Obviously, the YCC took little notice of Davis and Siegel’s warnings. And, unwilling to question Yalies 4 Palestine’s narrative or credentials, and certain of the moral superiority and factual accuracy of their position, Y4P and its fellow travelers are now poised to make this coming school year a trying one for Zionsts and Jews on campus.

Endgame: Jewish Silence, Subservience, and Submission

Ultimately, Y4P et. al. seek to create a campus environment in which Jews and Israelis are effectively forbidden from speaking up for themselves against malicious libel and slander, where love of Israel is an indifensible perspective, and where community inclusion is contingent on submission to Y4P’s vision of the future. The Yale College Council has just taken a step forward in that direction.

UPDATE, Thursday July 15, 2021: Yalies 4 Palestine Member Responds to LIF Coverage, and Yale Professor Condemns Anti-Israel Motion in Op-Ed

After we published this piece, a Tweet I posted on the topic apparently evoked some ire in one Yalies 4 Palestine member.

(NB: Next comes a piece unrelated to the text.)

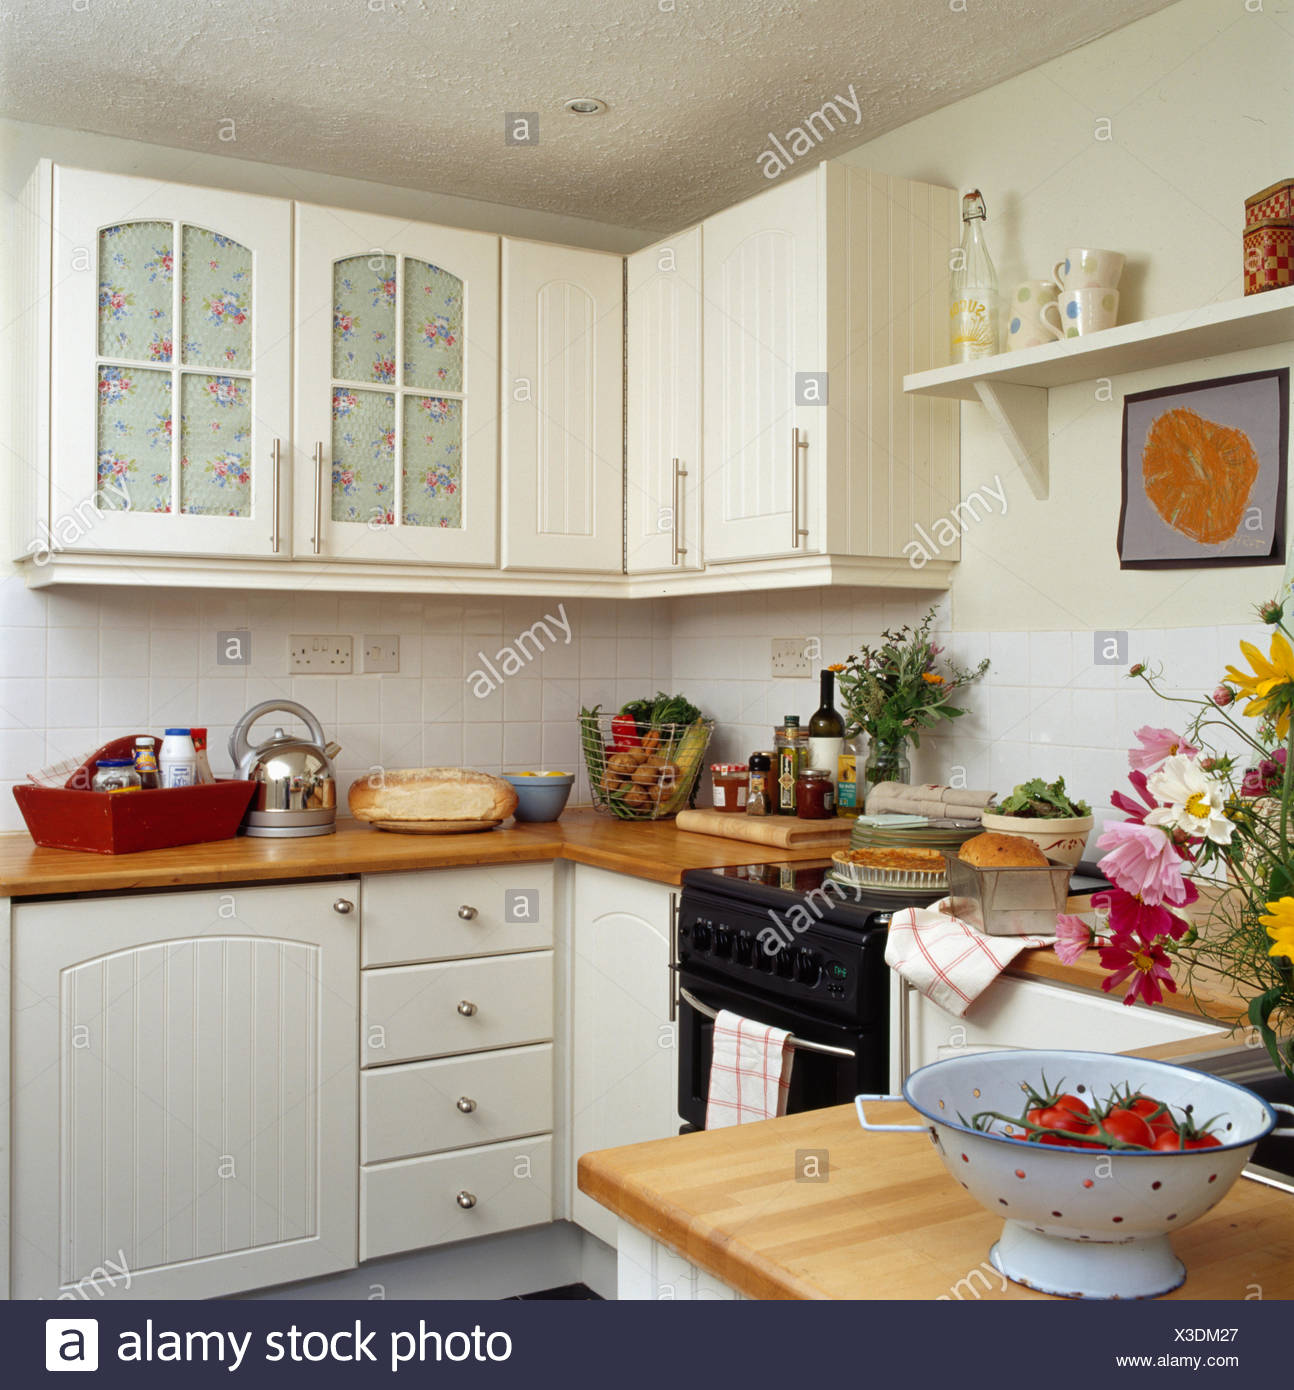 Cream Fitted Units In Country Stock Photos Cream Fitted Units In

A recent graduate of Yale, and the apparent author of Yalies 4 Palestine’s adulatory press release celebrating the Yale College Council vote, one Faith Vasquez sent a direct message to my Twitter account in an effort to explain some of the finer points of the YCC’s decision-making process: 

I wanted to clarify to you even though I know you won’t publish it or care- the YCC president had no vote or influence on the vote. It’s only student senators. The President and VP followed all procedure in palce for when approached with such a statement or proposal…also Yalies 4 Palestine never claimed to be a student group, but a campaign sponsored by two official groups that are registered at Yale

Of course, it is difficult to confirm these claims, given that YCC procedures and proceedings do not appear to be all that transparent. For example, its website is marked “private” and seems to be only accessible to Yale community members, the last list of officers available on its Facebook page is from the 2013-2014 school year, the newest video posted on its YouTube channel is from 2018, the last YCC tweet is dated September 2020, and nothing on any of its social media that I could find addresses its recent anti-Israel vote. Moreover, the the latest meeting minutes or records I could find are dated from the 2019-2020 school year, and, along with publicly-accessible pages from the YCC’s website, only exist on the Wayback Machine’s Internet Archive.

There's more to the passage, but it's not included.